Random walks: an elementary approach. Imagine an atom jiggling around randomly in a hot gas. On average, it travels some distance $\ell$ between collisions. How far does it travel after $n$ collisions? Given some fairly mild assumptions, the answer is surprisingly

\[d \sim \ell \sqrt{n}.\]

If it travelled in a straight line, the distance would be $d = \ell n$. Randomness apparently reduces the linear power $n^1$ to a square root $n^{1/2}$.

A particle (orange) jittering randomly in a gas.

To see how this happens, let’s start watching an atom as it bounces around, and label its displacement after the $i$th step $\vec{s}_i$. The arrow on top reminds us that displacement is a vector, with an associated direction in space, and not just a number. Since the distance between collisions is on average $\ell$, we have $|\vec{s}_i| = \ell$ and hence $|\vec{s}_i|^2 = \ell^2$. After $n$ collisions, the total displacement is

\[\vec{x} = \vec{s}_1 + \vec{s}_2 + \cdots + \vec{s}_n.\]

How can we calculate the length of $\vec{x}$? The trick is to square it, yielding

\[|\vec{x}|^2 = (\vec{s}_1 + \vec{s}_2 + \cdots + \vec{s}_n)^2 = |\vec{s}_1|^2 + |\vec{s}_2|^2 + \cdots +|\vec{s}_n|^2 + \text{cross-terms}.\]

This is a generalisation of the familiar algebraic fact that

\[(x+y)^2 = x^2 + y^2 + 2xy = x^2 + y^2 + \text{cross-terms}.\]

We can picture what’s going on using squares.

Total length squared (black) is made up of steps squared (orange) and cross-terms (blue).

The cross-terms are things like $\vec{s}_1 \cdot \vec{s}_2$, $\vec{s}_2 \cdot \vec{s}_3$, and so on.
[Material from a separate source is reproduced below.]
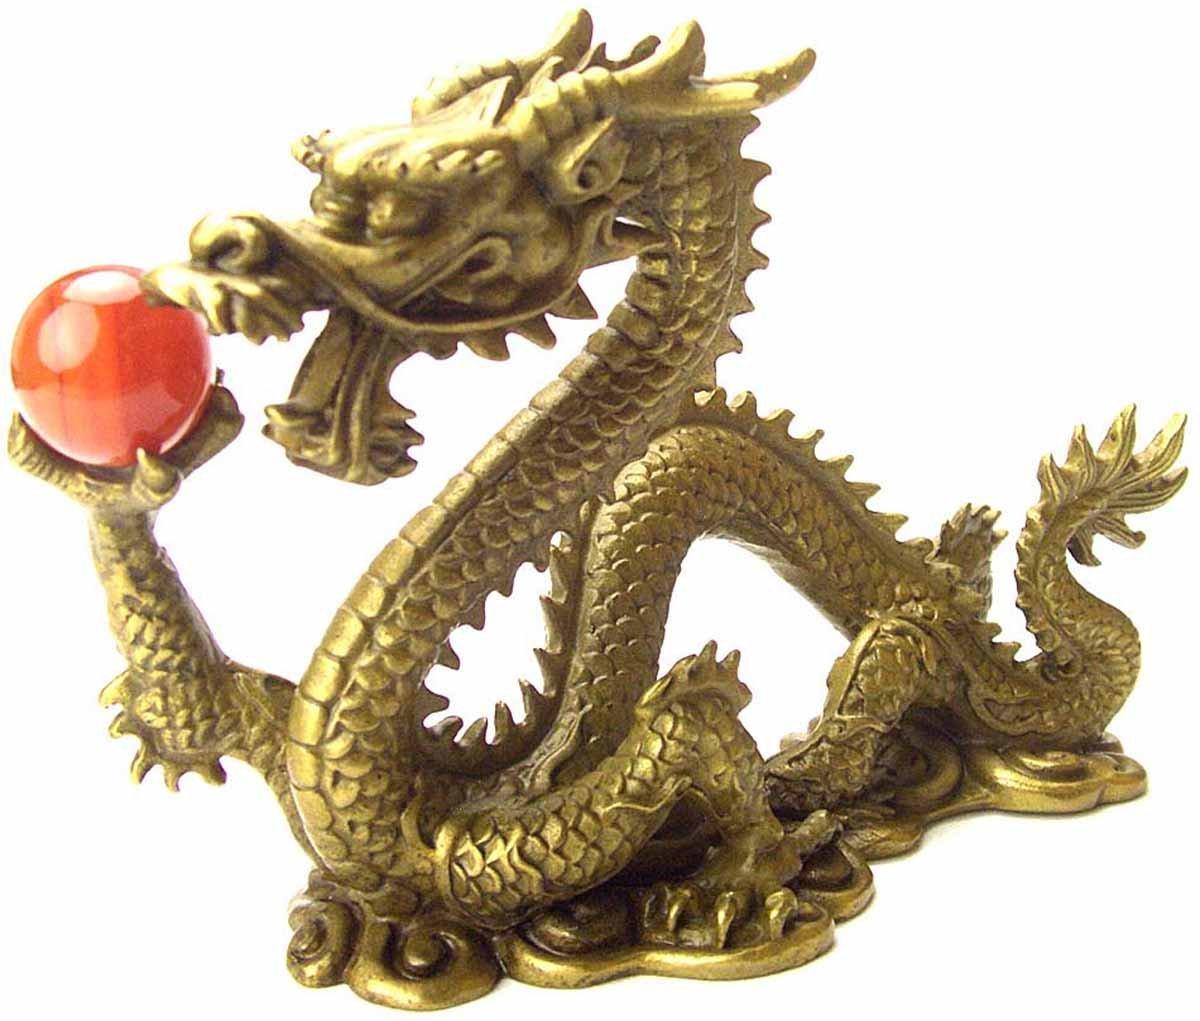 風水の皇帝龍五本指の願い龍(銅製) レッドメノウ付き 夫婦仲子宝 B002KAP7XS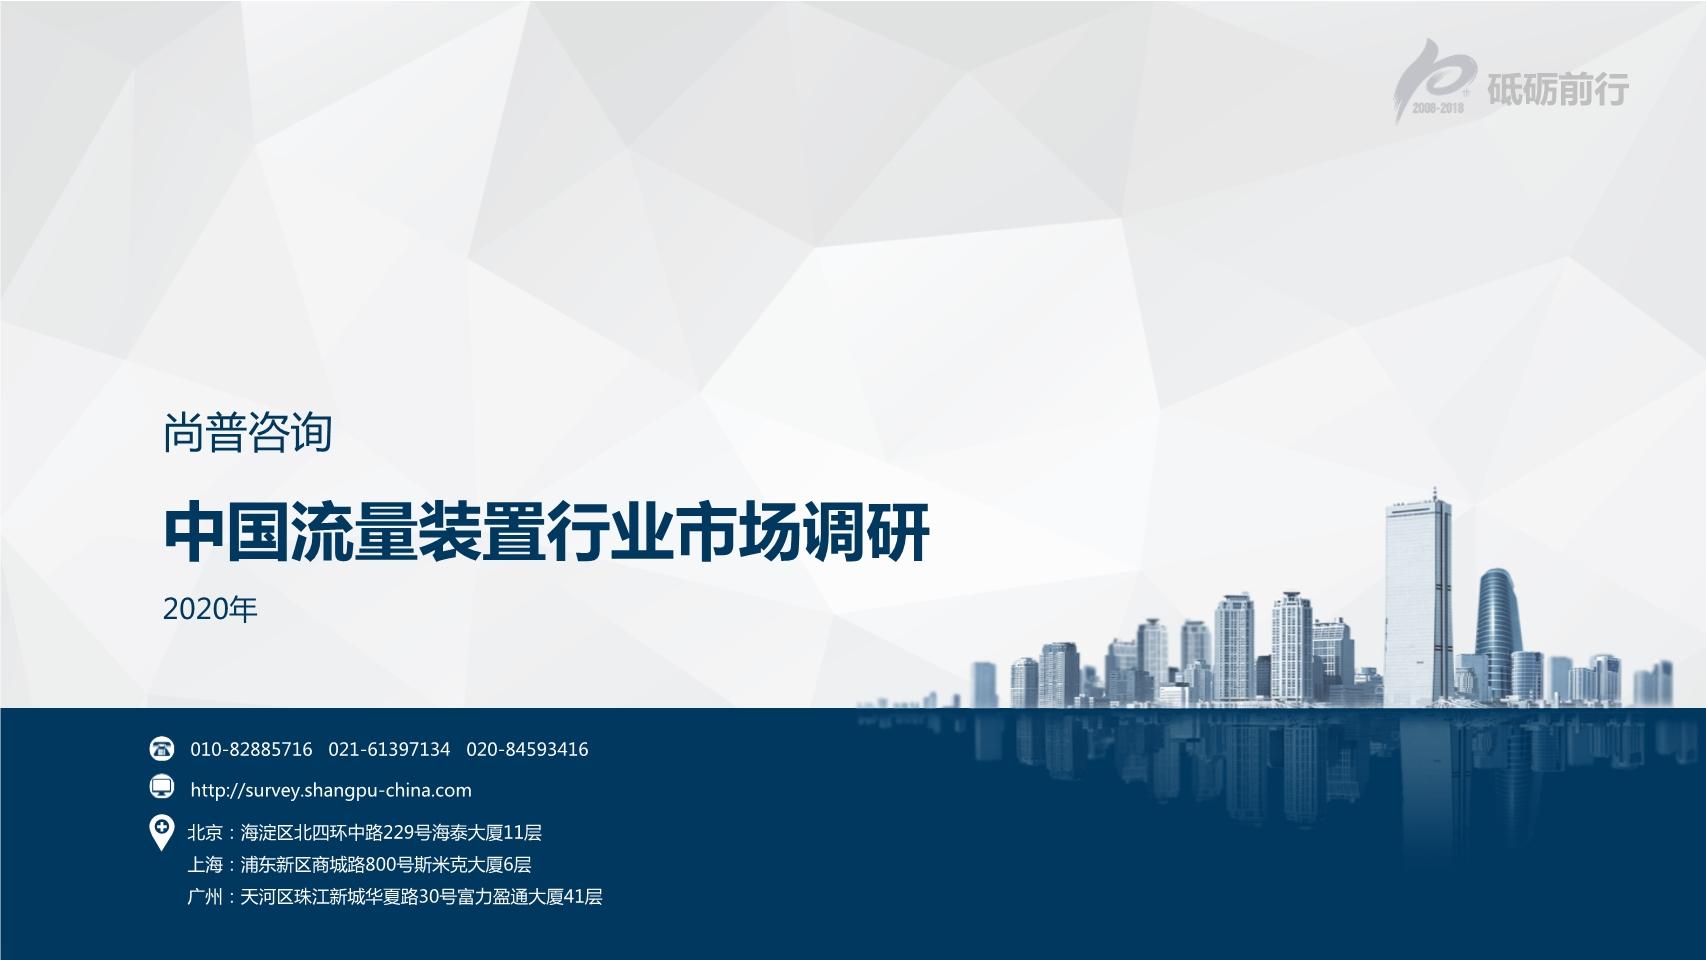 尚普咨询-2020年中国计量装置行业市场调研

Although it obey similar algebraic properties to normal multiplication, the $\cdot$ in terms like $\vec{s}_1\cdot \vec{s}_2$ has a special geometric interpretation: it tells us how aligned the vectors $\vec{s}_1$ and $\vec{s}_2$ are. Since these are random steps, we don’t really care about any two specific steps, but rather how aligned they are on average. If vectors are not aligned on average, then the cross-terms vanish, and as claimed we will have

\[d^2 \sim s_1^2 + s_2^2 + \cdots s_n^2 = n\ell^2 \quad \Longrightarrow \quad d \sim \ell \sqrt{n},\]

where the $\sim$ means “roughly speaking”. For dimensional analysis, “roughly speaking” meant “up to numbers”, and for Fermi estimates, “up to a factor of $3$”. Here, “roughly speaking” means “on average”. In our earlier picture, the blue terms vanish, and we just have the big square equal to the sum of little squares.

When cross-terms vanish, the total length squared is the sum of steps squared.

So, under what circumstances will consecutive steps tend not to align? Two conditions will be enough:

  • Steps are unbiased, i.e. don’t prefer any particular direction. If they are biased, say the walker likes to head south, then there is a preferred direction and the steps tend to align with it.
  • Steps are uncorrelated, i.e. consecutive steps don’t know about each other. If the walker likes to follow one step with another in the same direction, then steps will tend line up, even if there is no preferred direction.

You can play with these conditions for a simple example in Exercise 12. In all our random walks below, however, the walk is unbiased and uncorrelated to good approximation, and hence steps are unaligned.

Speed and diffusion. If a random walker moves with speed $v$, an average step takes time $\tau = \ell/v$. After a total time $t$ has elapsed, the random walker will take around $t/\tau$ steps, and will therefore wander a distance

\[d \sim \ell \sqrt{n} = \ell \sqrt{\frac{t}{\tau}} = \sqrt{\ell v}\cdot \sqrt{t} = \sqrt{Dt}.\]

We will call $D = \ell v$ the diffusion coefficient. It’s important to note that “average distance” is a bit of a misnomer. We really mean the average spread of distance travelled. In time $t$, an individual walker will explore a region of size $\propto \sqrt{t}$, while a batch of walkers released from the same point will fan out to cover that region.

Exercise 12 (heads and tails). Take a fair coin and start flipping it. The outcome of the $i$th flip is $s_i = \pm 1$, with $+1$ for tails and $-1$ for heads, and the sum of $n$ flips is $x$. To square $x$, we really do just multiply and expand, with

\[x^2 = (s_1 + \cdots + s_n)^2 = s_1^2 + \cdots s_n^2 + 2 \left[s_1 s_2 + \cdots + s_{n-1}s_n\right].\]

We can think of $x$ as describing the position of a random walk on the number line.

(a) For a fair coin, show that on average, $s^2 = 1$.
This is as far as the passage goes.